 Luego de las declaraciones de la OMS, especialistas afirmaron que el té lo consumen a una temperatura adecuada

◆ ◆ ◆ ◆

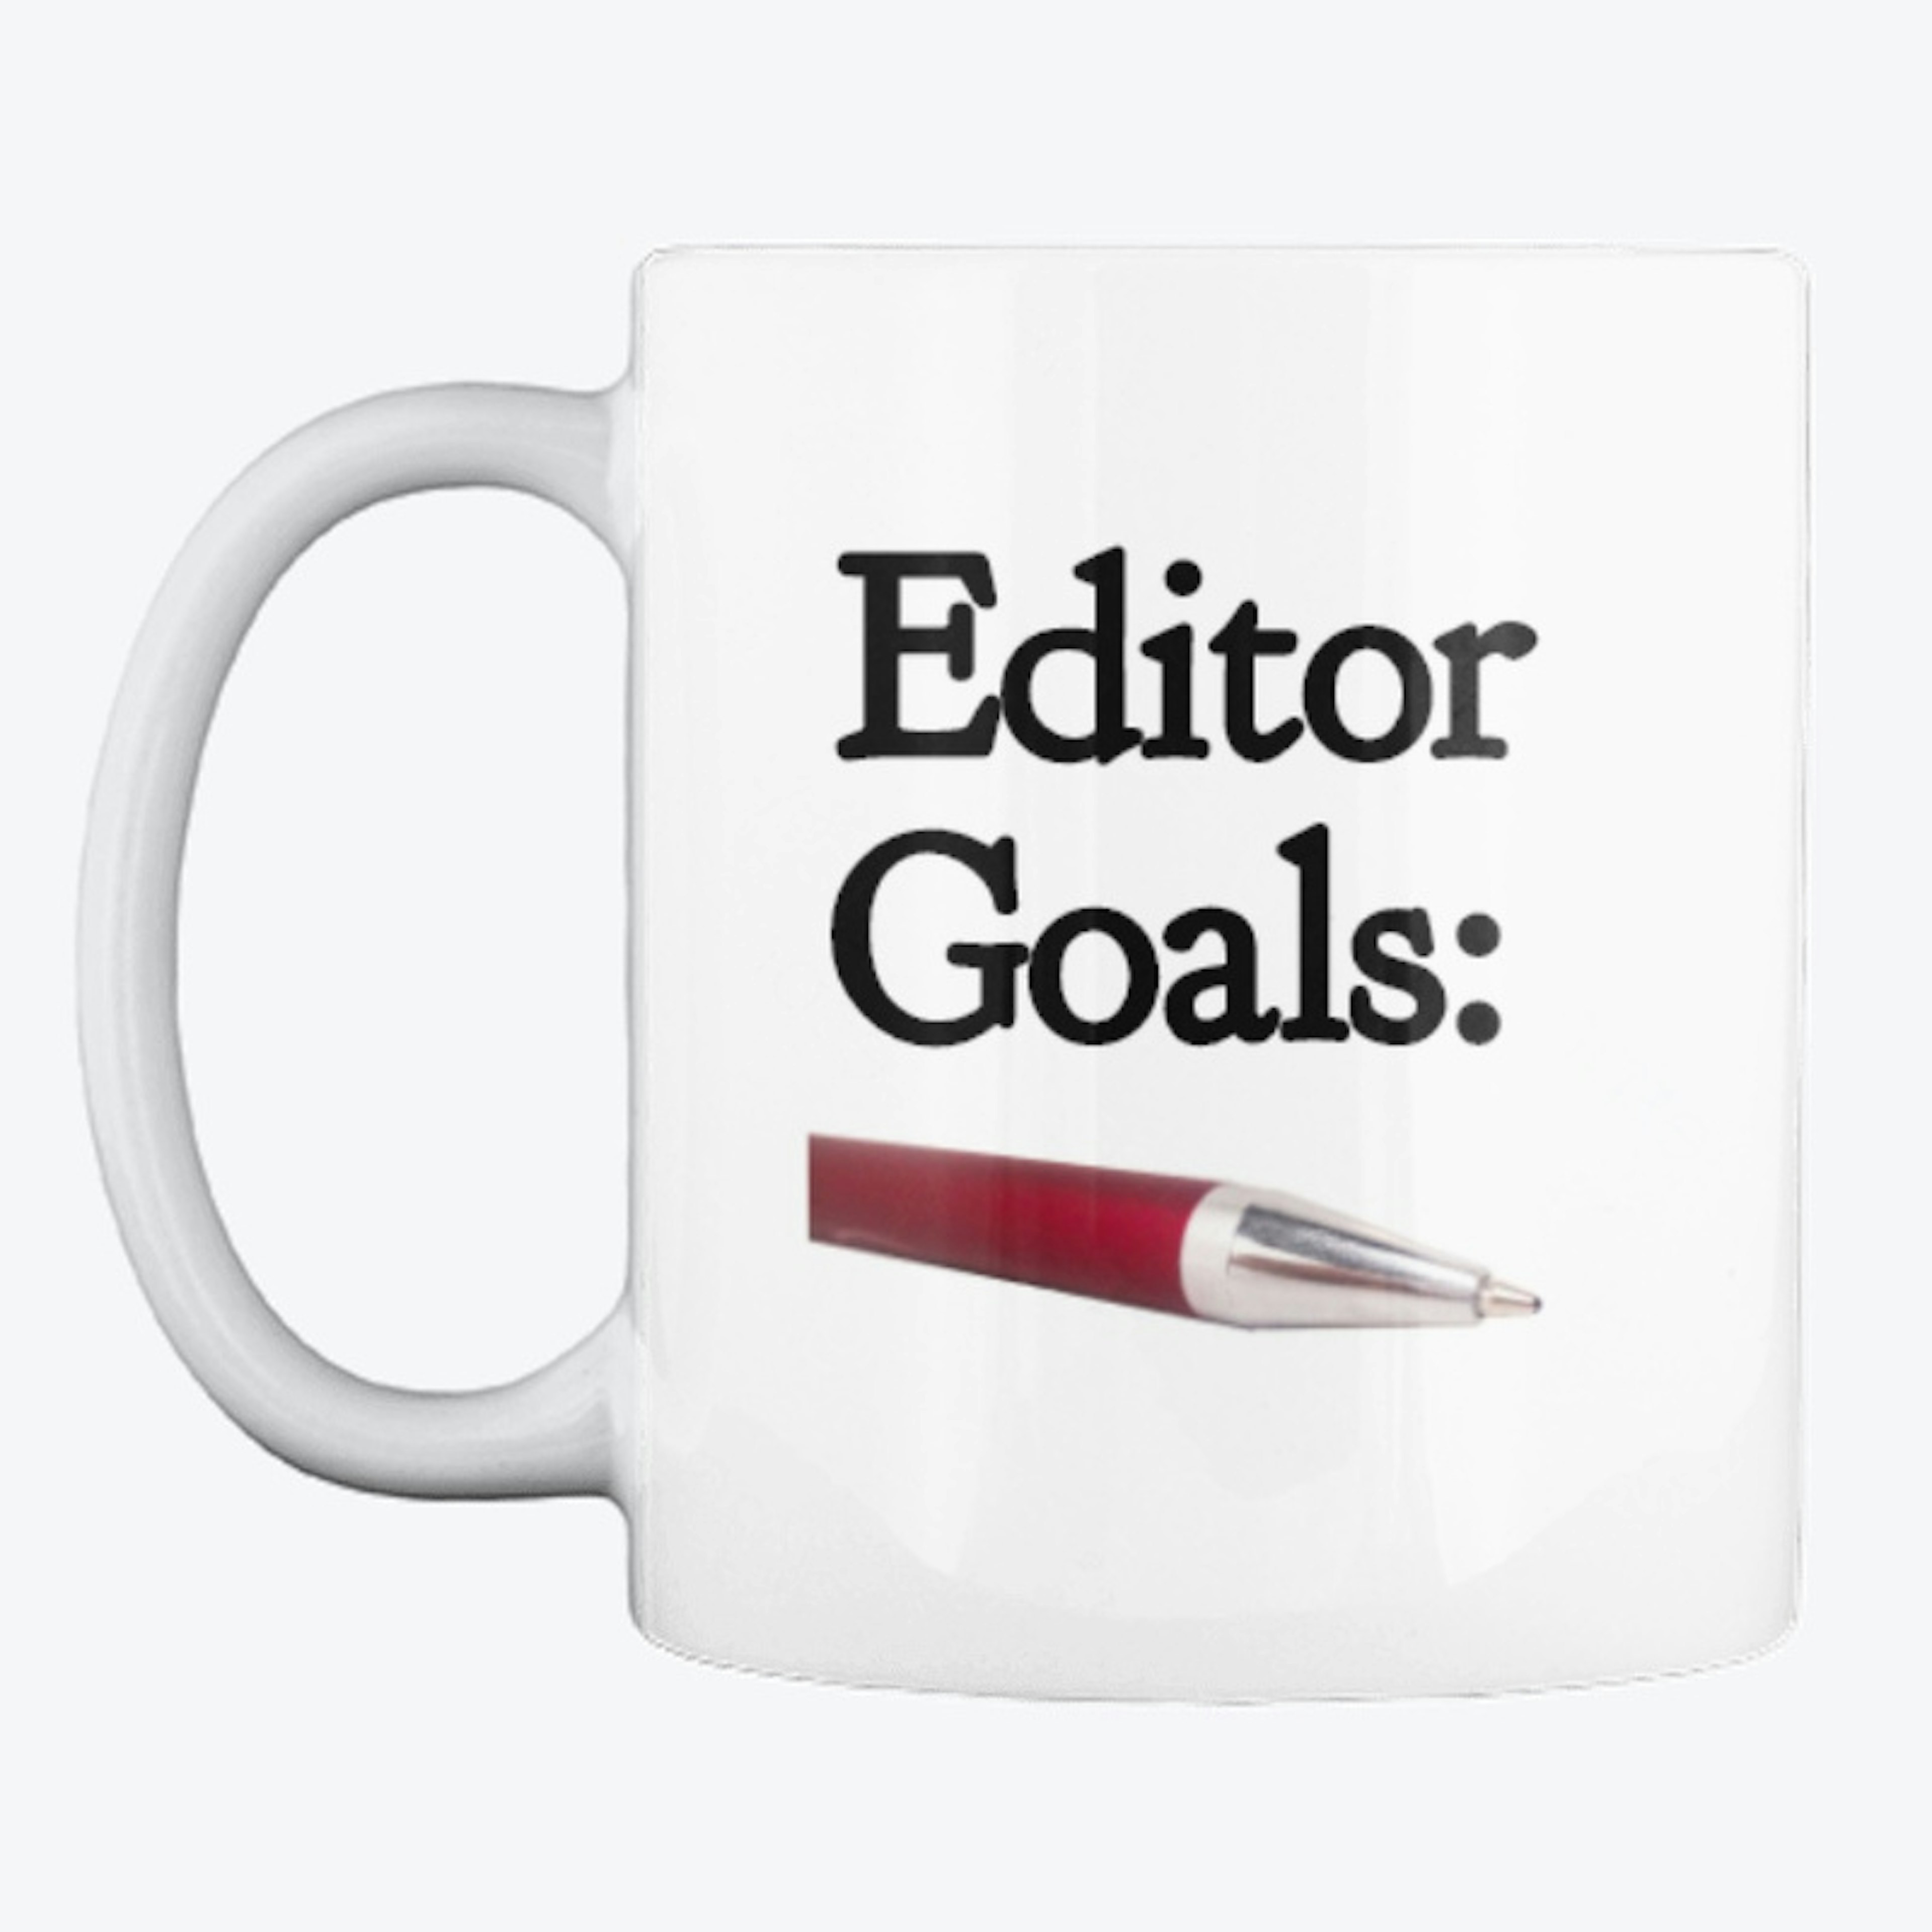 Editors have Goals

◆ ◆ ◆ ◆

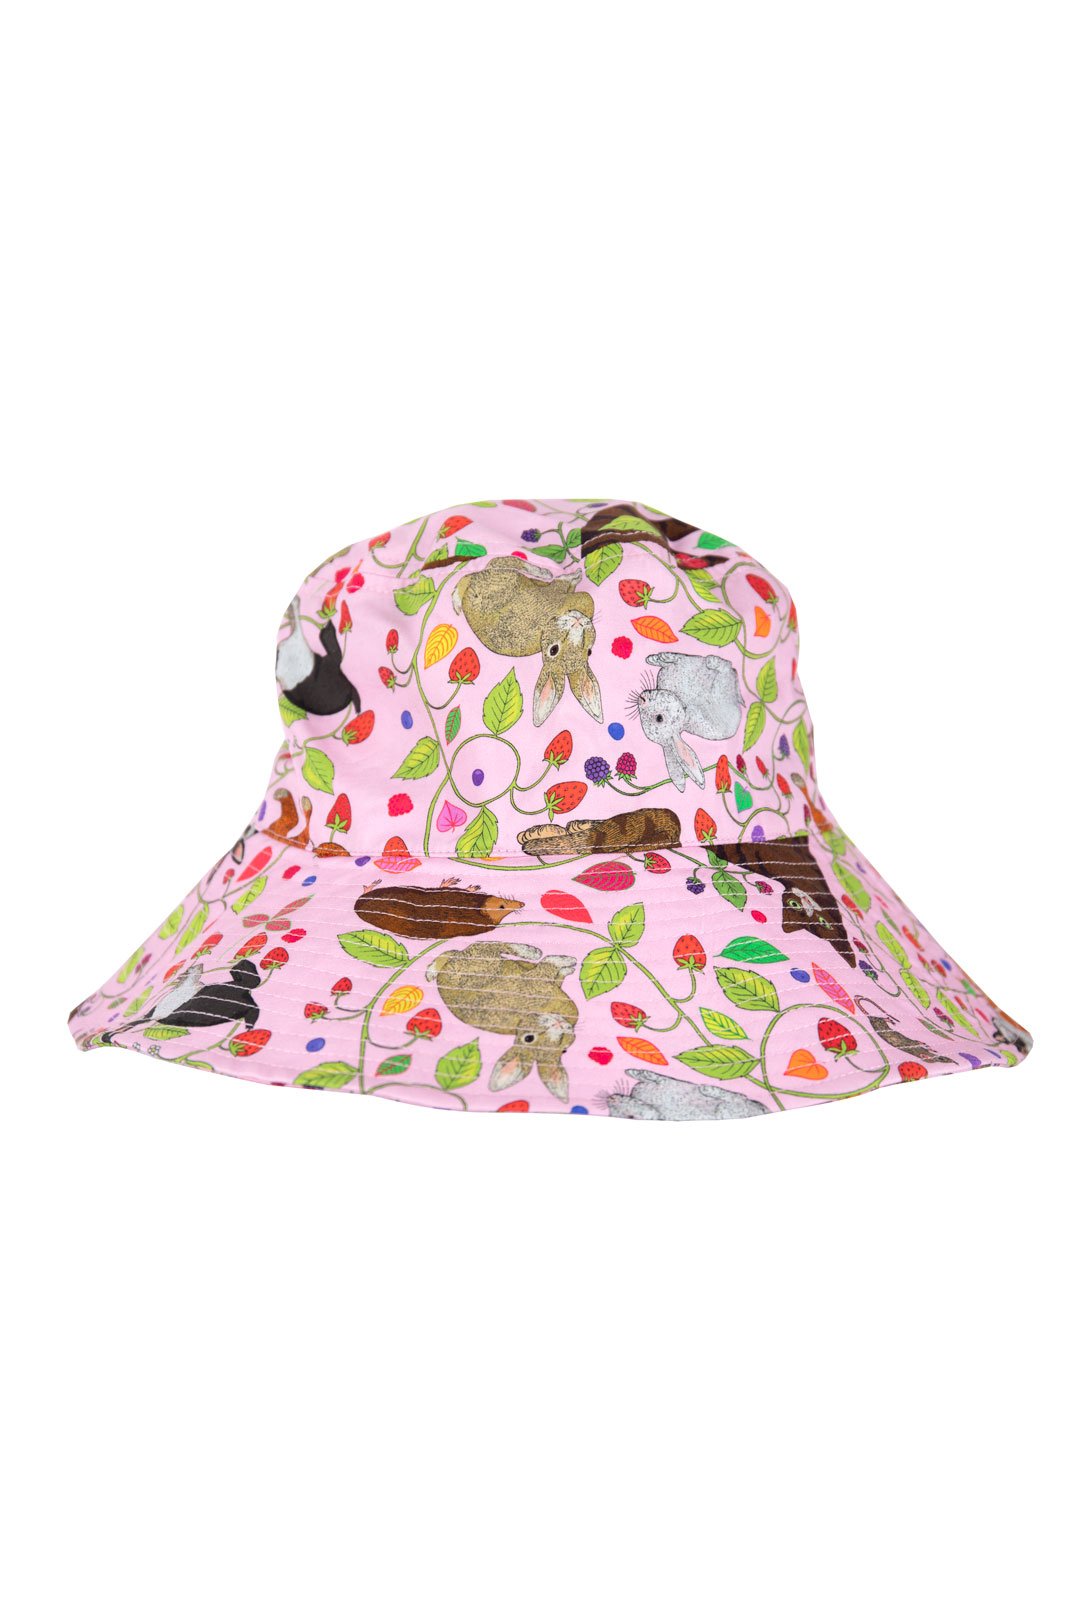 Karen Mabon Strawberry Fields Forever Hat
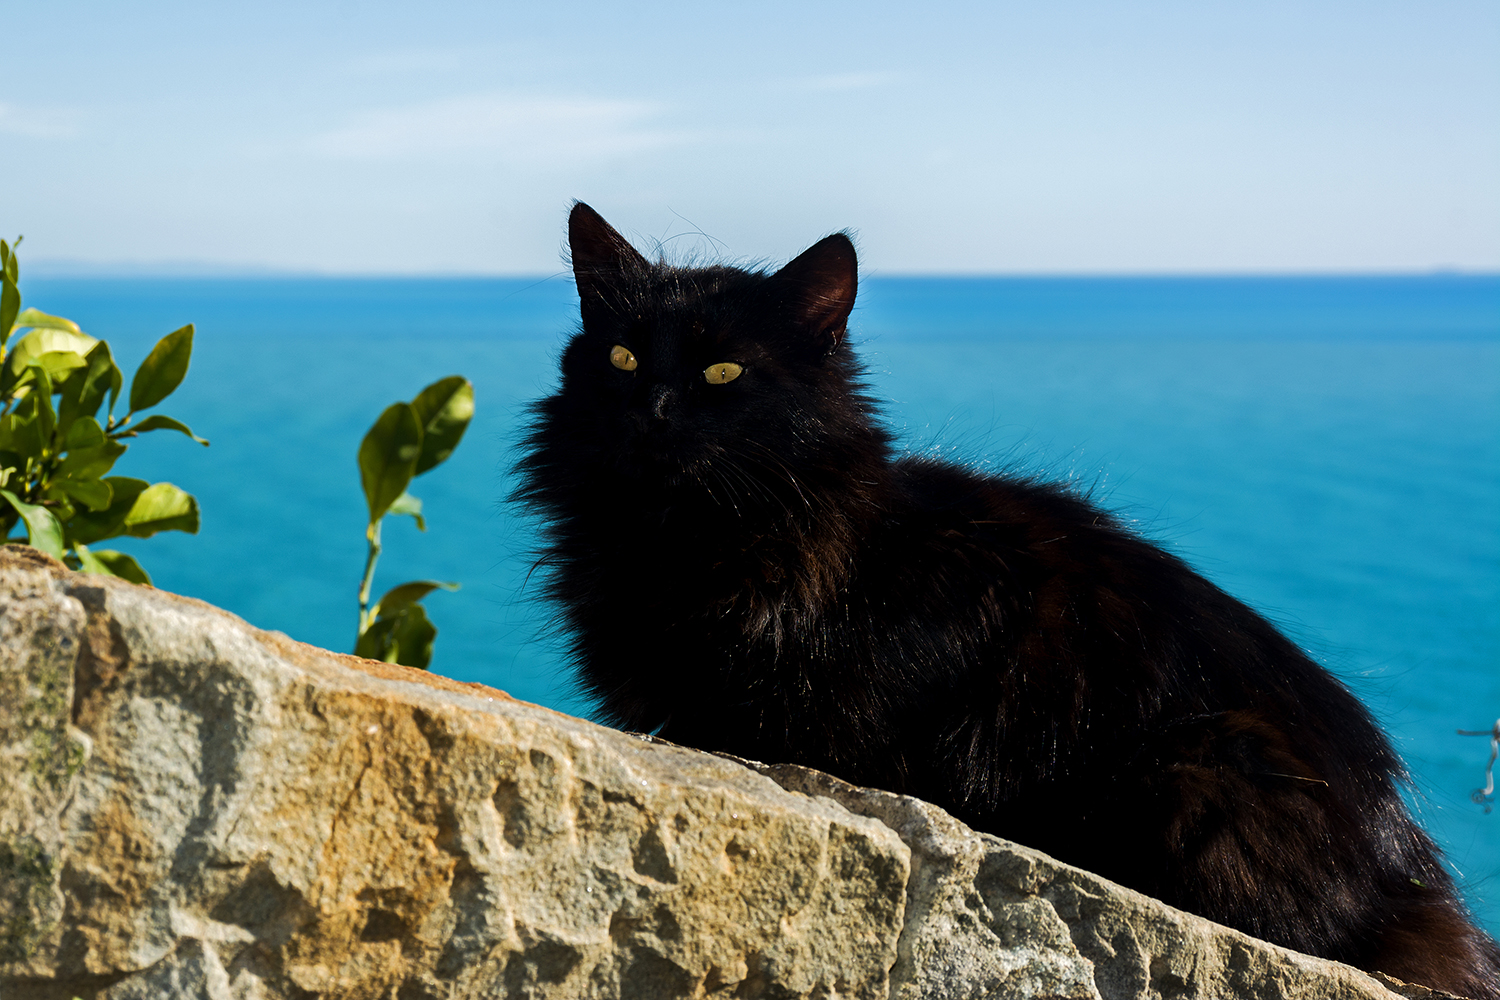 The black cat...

◆ ◆ ◆ ◆

# [WHAT YOU SHOULD DO]
Word for word, repeat the lines above from the one with "Karen Mabon Strawberry Fields Forever Hat" through the one with "The black cat...", and nothing beyond them. Omit the pictures.

# [RESULT FOR THIS EXERCISE]
 Karen Mabon Strawberry Fields Forever Hat
 The black cat...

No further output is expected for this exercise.